Riz Bil Kousa Wa Laban Wa Kebab
Riz Bil Kousa Wa Laban Wa Kebab is a delightful Lebanese rice dish featuring tender zucchini, creamy yogurt, and perfectly spiced kebabs. This gluten-free meal is not only satisfying but also bursting with authentic flavors and aromas.

40 minutes
Difficulty: Medium
Lebanese
600 kcal
Ingredients
- Basmati rice - 150 grams
- Zucchini - 2 medium, diced
- Ground lamb - 200 grams
- Onion - 1 small, finely chopped
- Garlic - 2 cloves, minced
- Cumin - 1 teaspoon
- Cinnamon - 1/2 teaspoon
- Salt - 1 teaspoon
- Black pepper - 1/2 teaspoon
- Olive oil - 2 tablespoons
- Yogurt - 200 grams (for serving)
- Fresh parsley - 2 tablespoons, chopped (for garnish)
- Water - 400 ml
Steps
- Rinse the basmati rice under cold water until the water runs clear, then soak it in water for 20 minutes.

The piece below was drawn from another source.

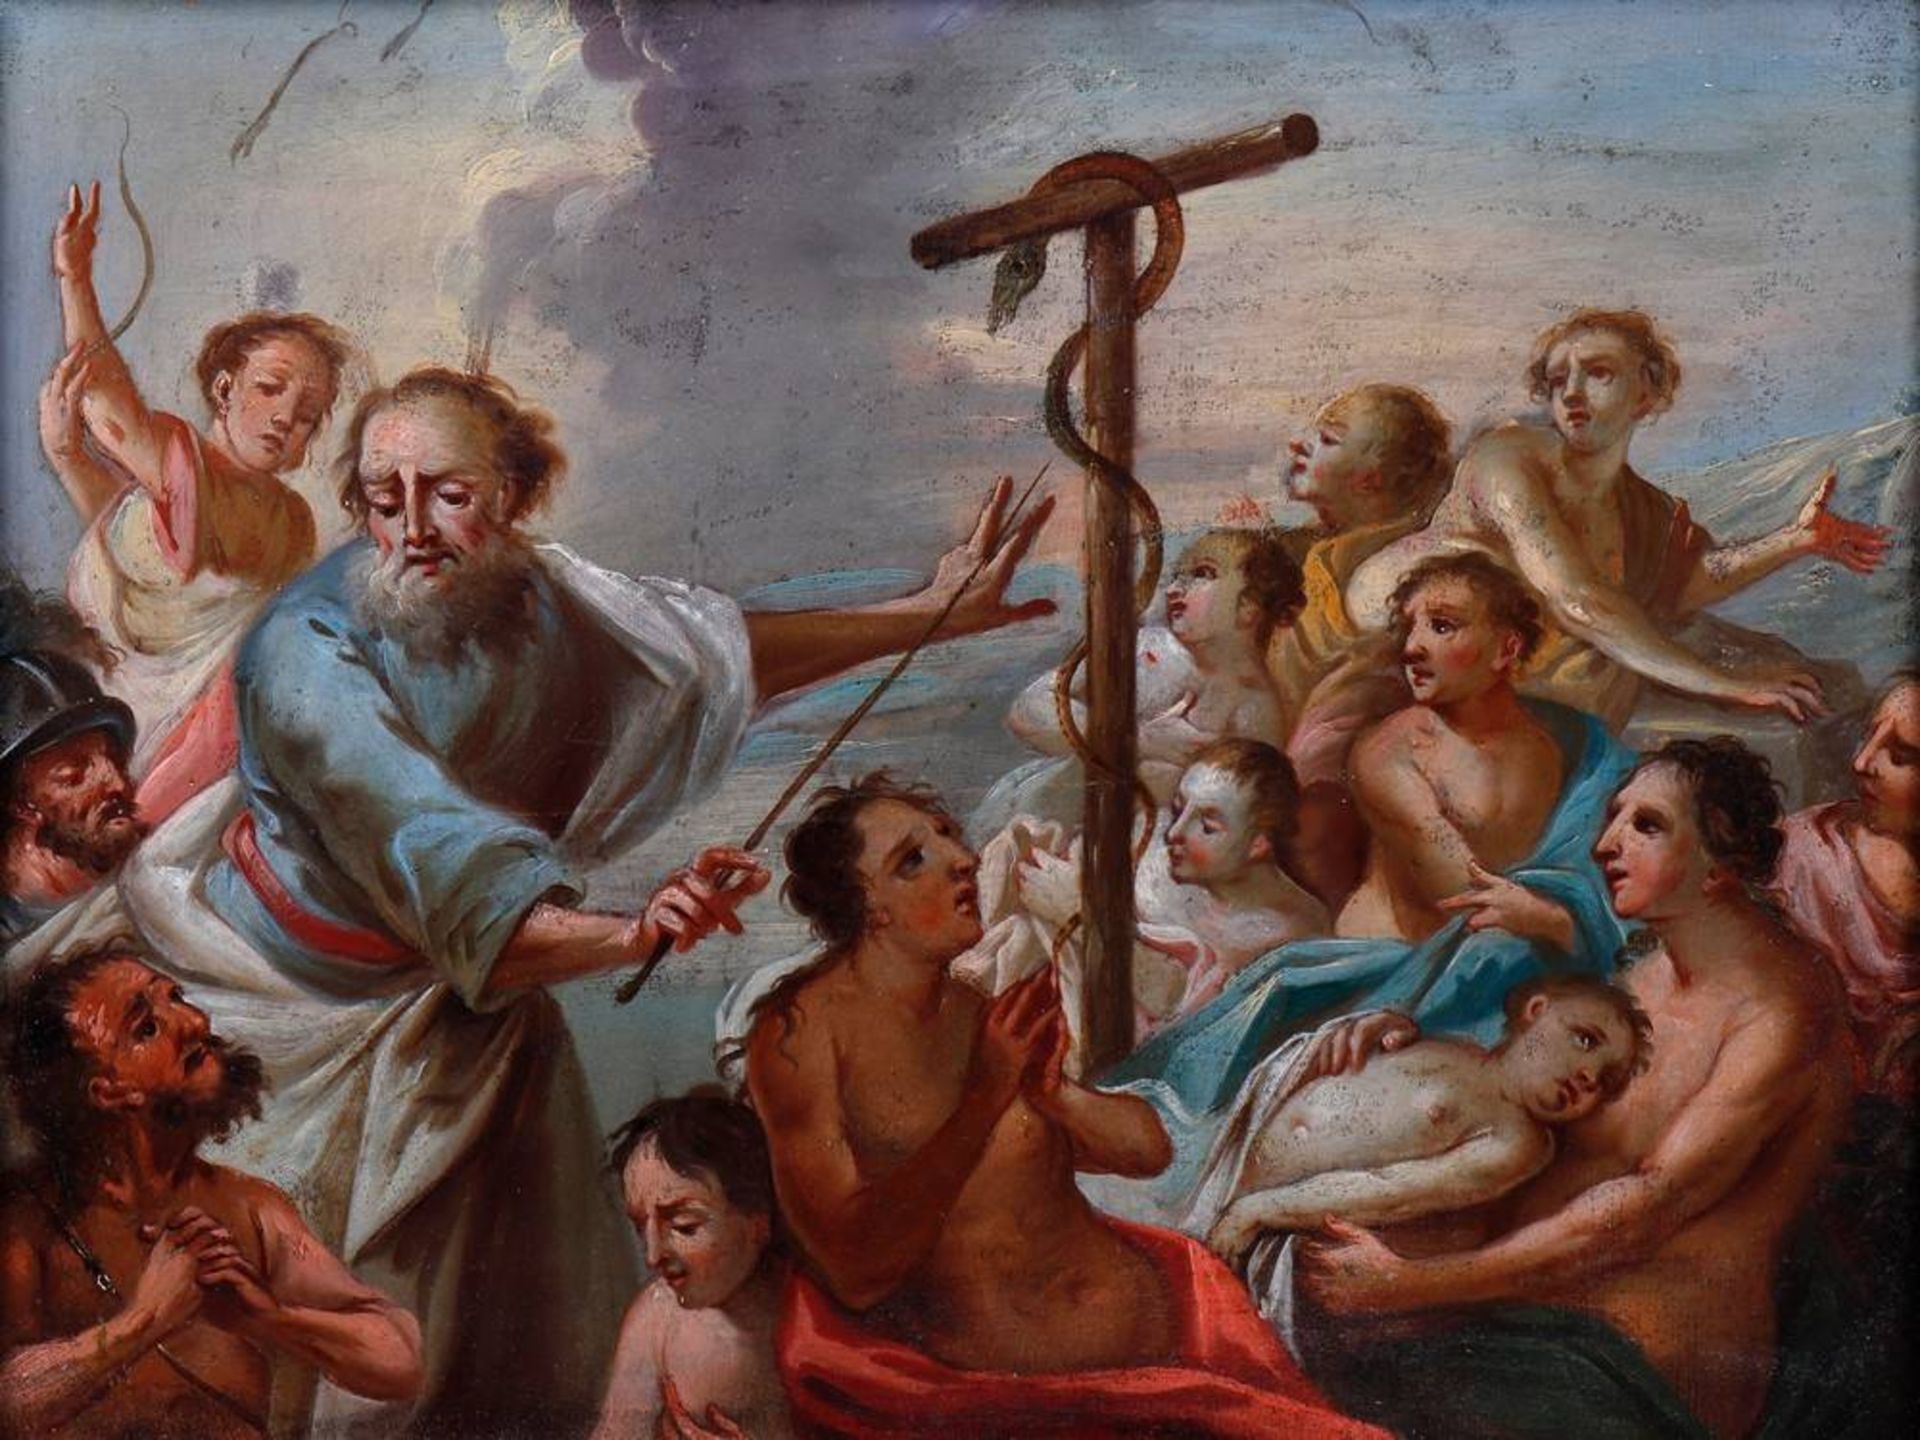 Moses with the Brazen Serpent, healing a group of the sick - Image 2 of 3

- In a large skillet, heat 1 tablespoon of olive oil over medium heat. Add the chopped onion and sauté until translucent, about 3-4 minutes.
- Add the minced garlic, cumin, cinnamon, salt, and black pepper to the skillet and cook for another minute until fragrant.
- In a bowl, combine the ground lamb with the sautéed onion mixture. Form the mixture into small kebabs (about 8 pieces).
- In the same skillet, add another tablespoon of olive oil and cook the kebabs for about 5-7 minutes on each side until browned and cooked through. Remove and set aside.
- In a pot, bring 400 ml of water to a boil. Add the soaked and drained rice and diced zucchini. Reduce heat to low, cover, and cook for 15-20 minutes until the rice is fluffy and the zucchini is tender.
- Serve the rice topped with kebabs, a generous dollop of yogurt, and garnish with fresh parsley.
Nutrition
- Calories: 600
- Protein: 30 g
- Carbs: 70 g
- Fiber: 3 g
- Sugar: 4 g
- Sodium: 600 mg
- Cholesterol: 80 mg
- Total Fat: 25 g
- Saturated Fat: 10 g
- Unsaturated Fat: 15 g
- Water: 0.4 L
Health Benefits
- High in protein from the lamb, supporting muscle health.
- Rich in vitamins and minerals from zucchini and parsley.